Als himmlische Repräsentanten im Leiblichen der Frau sind es die zwei Wundergefäße Chongmai und Renmai , welche die monatliche Regel einleiten und die Voraussetzung für Nachkommen geben. Erst die Durchgängigkeit des Renmai ermöglicht die Versorgung eines Embryos, erst die Fülle im Chongmai zeigt Essenzen an, die als Blut im Überfluss zeitgemäß herabsteigen und als Jing die Grundlage für ein neues Leben bieten.
Und das ist die Quintessenz der 4. Frage des Nüke Baiwen: der Chong Mai bildet das Meer des Blutes, Ren Mai beherrscht den Uterus.
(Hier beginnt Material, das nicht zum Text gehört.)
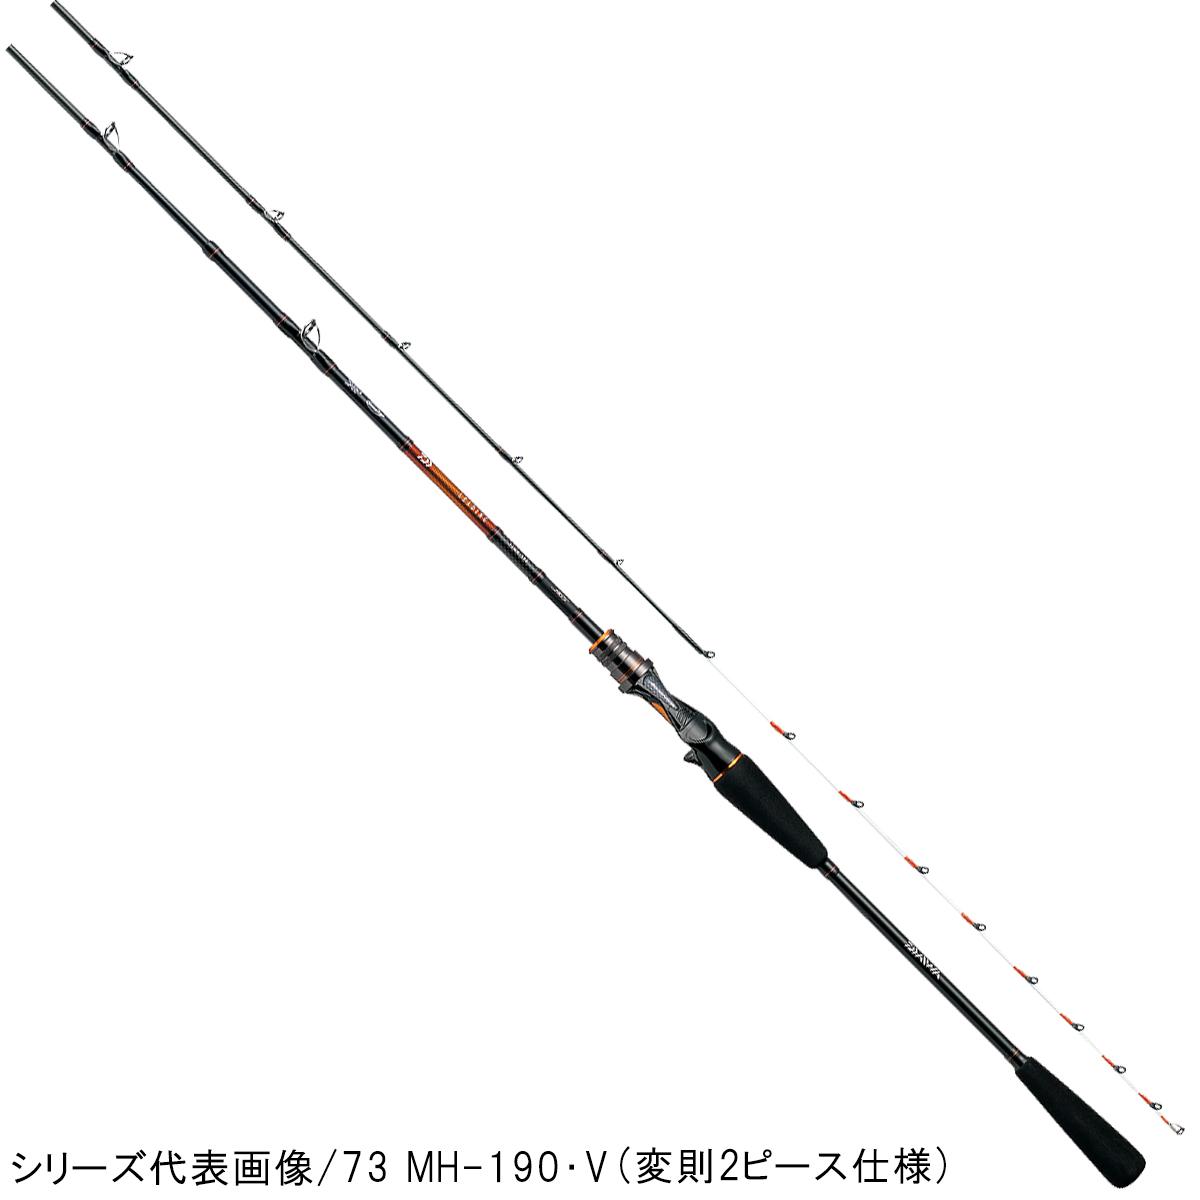 ダイワ リーディング 82 M-185 MT・V(東日本店)

Das Yin ist still, das Meer ist voll, diese zwei verlassen sich aufeinander. Deshalb gibt es Kinder. Das enge Zusammenspiel der beiden Wundergefäße, welche die schöpferische Kraft des Himmels durch Qian und die haftende Kraft des Feuers der Liebe durch Li in der Frau verankern, ist die Voraussetzung für Mutterschaft und damit der biologischen Bestimmung der geschlechtsreifen Frau.